Personal information
- Full name: José Antonio Garciá Conesa
- Date of birth: 5 May 1940 (age 86)
- Place of birth: Torre-Pacheco, Spain
- Height: 1.71 m (5 ft 7 in)
- Position: Right back

Senior career*
- Years: Team / Apps / (Gls)
- 1960–61: Cartagenera
- 1961–1965: Murcia / 97 / (2)
- 1965–1972: Valencia / 110 / (1)
- 1972–74: Levante / 13+ / (0+)
- 1974–1975: Algemesí
- Total:  / 220+ / (3+)

= Tatono =

Spanish association football player

José Antonio García Conesa (born 5 May 1940), known as Tatono, is a Spanish former footballer who played as a right back.

He made 163 La Liga appearances for Murcia and Valencia, winning the Copa del Generalísimo in 1967 and the league title in 1971 with the latter.

==Career==
Born in Torre-Pacheco in the Region of Murcia, Tatono played for Cartagenera in the Tercera División in 1960–61. He then moved to nearby Real Murcia of the Segunda División, playing five years including two in La Liga.
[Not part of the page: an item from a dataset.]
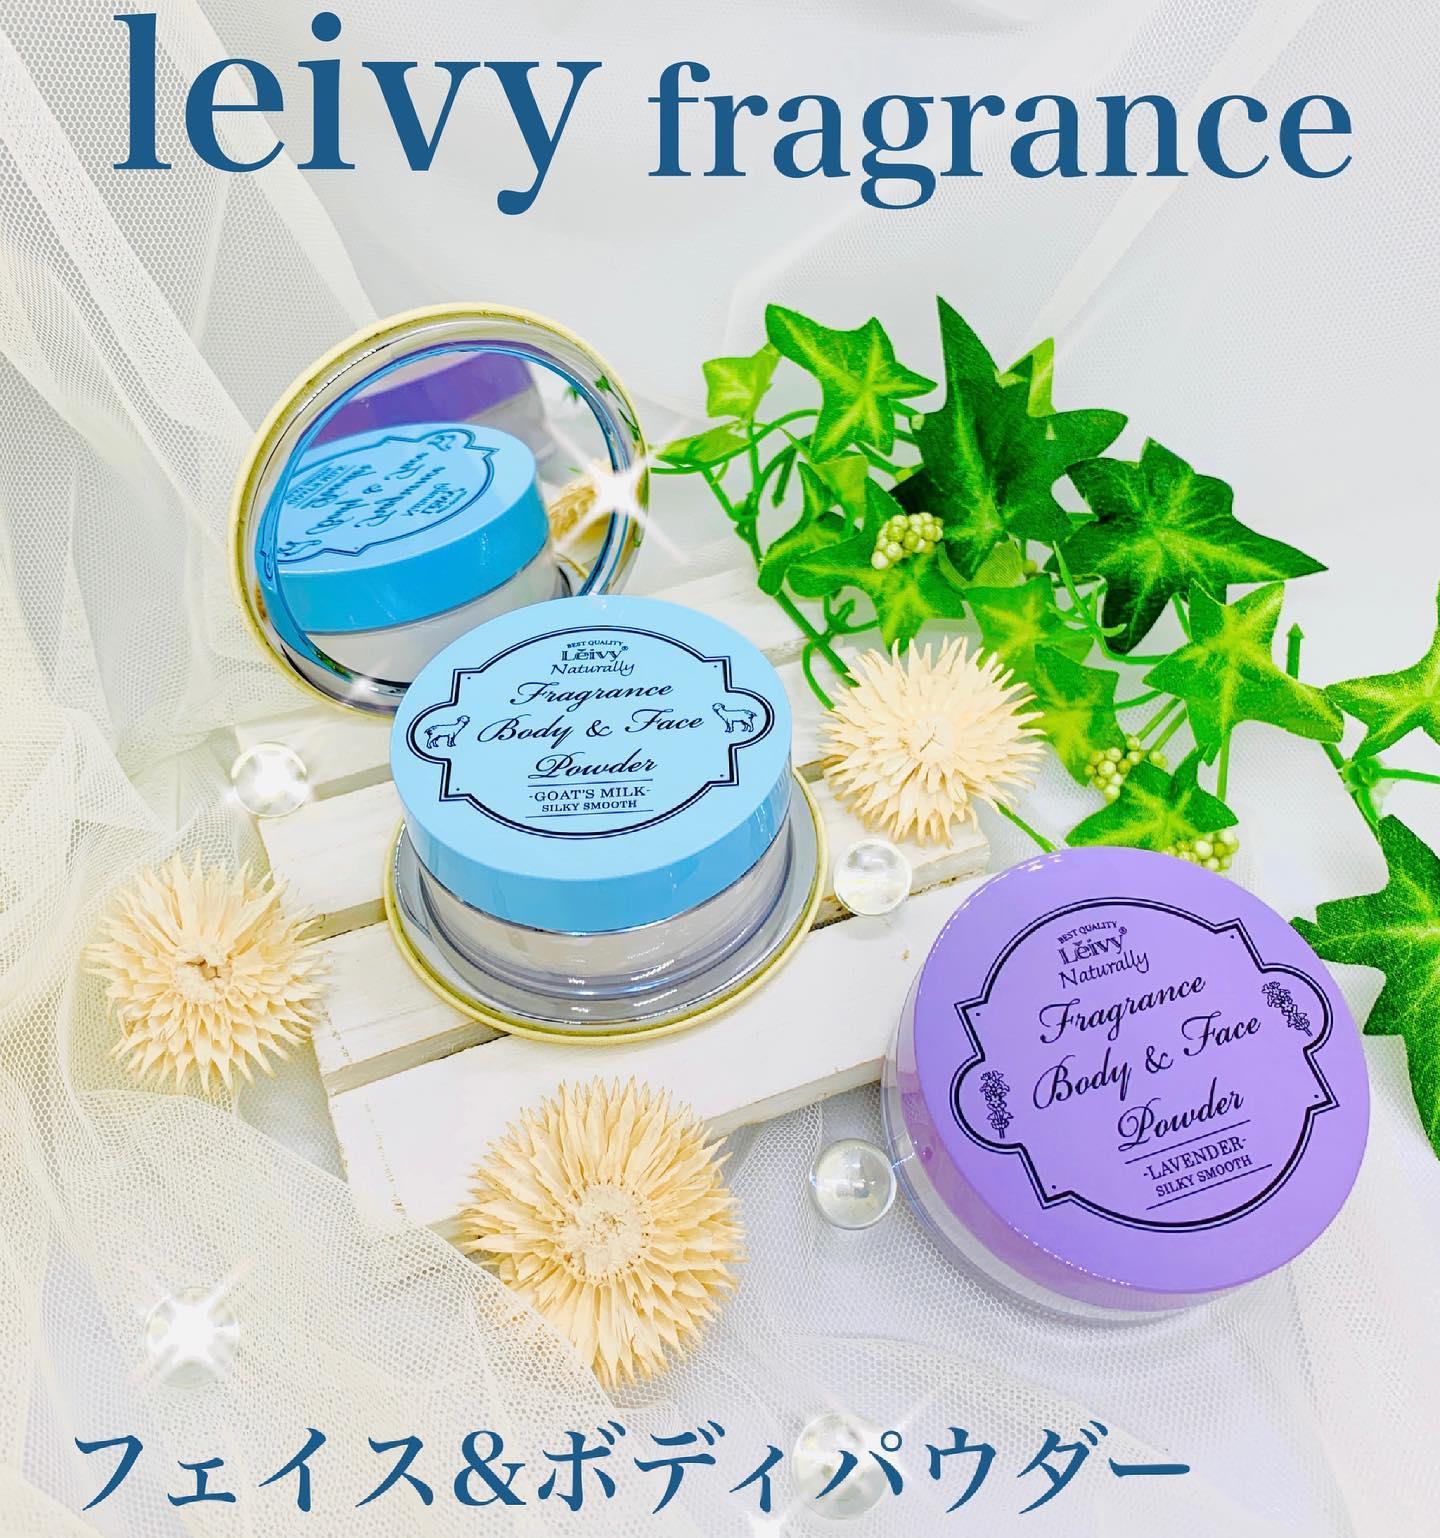 口コミ投稿:..Leivy fragrance【レイヴィーフレグランス    ボディ&フェイスパウダー】.♦︎ゴ…

He scored one of his two top-flight goals on 1 March 1964, a long-range strike in the fourth minute of a 2–2 draw at home to Elche.

Tatono totalled 146 games for Valencia between 1965 and 1972. On 2 July 1967, he played the final of the Copa del Generalísimo, a 2–1 win over Atlético Bilbao in the Santiago Bernabeu Stadium. He scored his only goal for the Che on 22 September 1968, beginning a 4–1 win over Granada at the Mestalla Stadium.

On 28 June 1970, Tatono played a second cup final, a 3–1 loss to Real Madrid. He was part of the Valencia side that won the league title in 1970–71 under manager Alfredo Di Stéfano; the defence of Tatono, Juan Sol, Antón Martínez and Aníbal Pérez was known as the muralla blanca ("White Wall").

Having been injured in his final season, Tatono was released at the end of his contract in July 1972 and said that he felt physically sick at leaving Valencia after seven years. Remaining in the same city he joined third-tier Levante, experiencing promotion and relegation in his two seasons and finishing his career at Algemesí.